ReadPaper Blog
CoVEBench: A Benchmark for Compositional Video Editing
CoVEBench addresses a gap in text-guided video editing evaluation: real users often request multiple coupled edits in one instruction, while existing benchmarks mostly test isolated changes. The paper introduces a benchmark with curated videos, multi-point editing prompts, and fine-grained checklist-based evaluation to measure whether models can follow complex instructions while preserving unrelated spatiotemporal content. Its experiments indicate that current video editing models still struggle with compositional workflows, often omitting edits, altering content that should remain unchanged, or producing artifacts.
Source: CoVEBench: A Benchmark for Compositional Video Editing

Who asked for this mess?
The paper argues that the central challenge for modern instruction-guided video editing is no longer whether a model can perform a single style transfer or object insertion, but whether it can coordinate several edits under shared temporal and spatial constraints. Real-world prompts often combine subject modification, camera adjustment, object addition, motion change, and preservation requirements in a single request. CoVEBench frames this as compositional video editing, where models must understand relationships among multiple editing goals rather than treat each operation independently. The motivation is that benchmarks built around simple, isolated edits have become misaligned with creator workflows and too limited for diagnosing advanced proprietary and open-source systems. By foregrounding coupled operations and preservation of irrelevant content, the paper positions compositional editing as a more realistic test of video editing intelligence.

Why old scoreboards fail
The paper also criticizes existing evaluation protocols for relying too heavily on coarse global metrics such as CLIP-style similarity scores. Such metrics can indicate broad semantic alignment while hiding important failures, including an omitted edit, a physically implausible modification, or an unintended change to the background or scene structure. CoVEBench therefore treats evaluation as a diagnostic problem rather than a single holistic scoring problem. The benchmark is designed to separate instruction compliance, modification quality, physical realism, video fidelity, and preservation of unrelated content. This matters because compositional prompts create interactions among edits, and the paper argues that only fine-grained assessment can reveal where a model succeeds or fails within a multi-operation workflow.

CoVEBench enters the garage
CoVEBench is built as a dedicated benchmark for compositional video editing with 416 curated source videos and 626 multi-point editing instructions. The paper reports that each instruction contains approximately three atomic edit operations on average, making the prompts substantially more complex than single-operation editing requests. Its taxonomy covers seven practical editing dimensions: Subject, Background, Camera, Style, Motion, Position, and Special Effects. Source videos are drawn from stock platforms such as Pexels and Mixkit and academic resources including Vript, UltraVideo, ViDiC, and LMArena, then filtered for properties such as resolution of at least 480p, duration within 3–21 seconds, visual quality, near-duplicate removal, and human-reviewed editability. The resulting dataset is intended to span varied scenes, durations, resolutions, and editing categories rather than overfit to narrow prompt templates.

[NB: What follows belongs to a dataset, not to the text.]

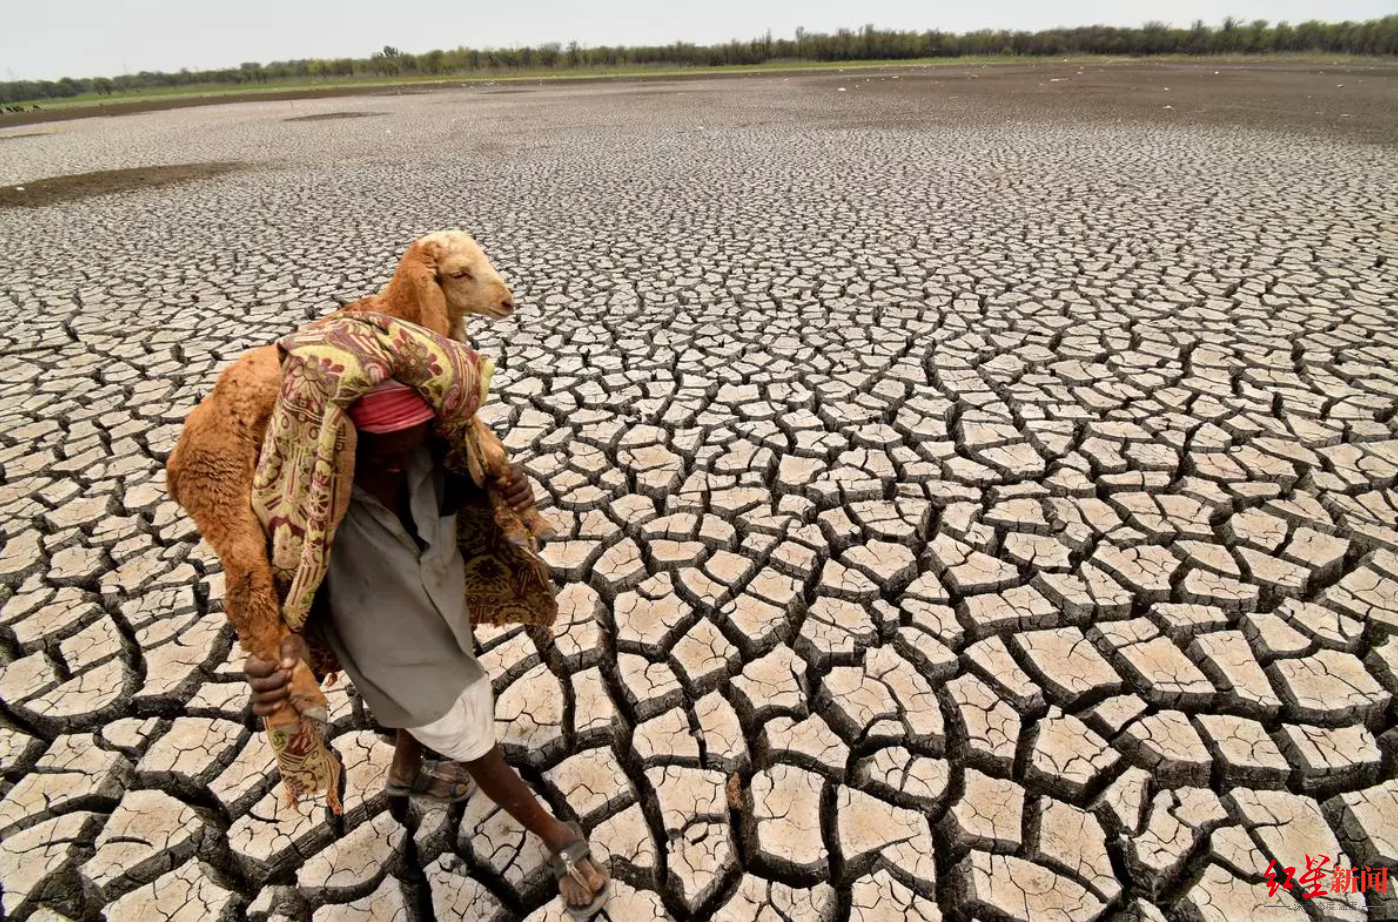 ↑气温升高在印度造成严重干旱问题

The checklist trap, but useful
A major methodological contribution of the paper is its decomposition of complex editing instructions into 9,990 fine-grained checklist items. The checklist generation process uses advanced language models, including Gemini-3-Flash, GPT-5, and DeepSeek-V4-Pro, to convert each editing instruction and source-video description into verifiable questions about distinct edit points. The paper then applies manual filtering, retaining about 67.2% of the initial checklist outputs, to improve reliability and remove inappropriate or redundant items. These checklists support MLLM-judged evaluation of whether requested edits were executed, whether the edited regions remain visually and logically plausible, and whether unrelated source content is preserved. CoVEBench also incorporates automated video quality metrics, so its evaluation combines checklist-based instruction analysis with measures of visual quality, motion consistency, and structural preservation.

What the benchmark revealed
The paper’s experiments evaluate a range of leading open-source and proprietary video editing models and conclude that compositional editing remains a profound challenge. Current models frequently execute only part of a multi-point instruction, showing that success on elementary editing tasks does not reliably transfer to bundled requests. The results also reveal failures in preservation constraints, where models change irrelevant spatiotemporal content while attempting the target edits. The paper further notes that artifacts can appear when multiple operations interact, suggesting that models struggle to coordinate atomic edits without mutual interference. CoVEBench is therefore presented not merely as a leaderboard, but as a diagnostic testbed for advancing video editing systems toward realistic instruction-following workflows.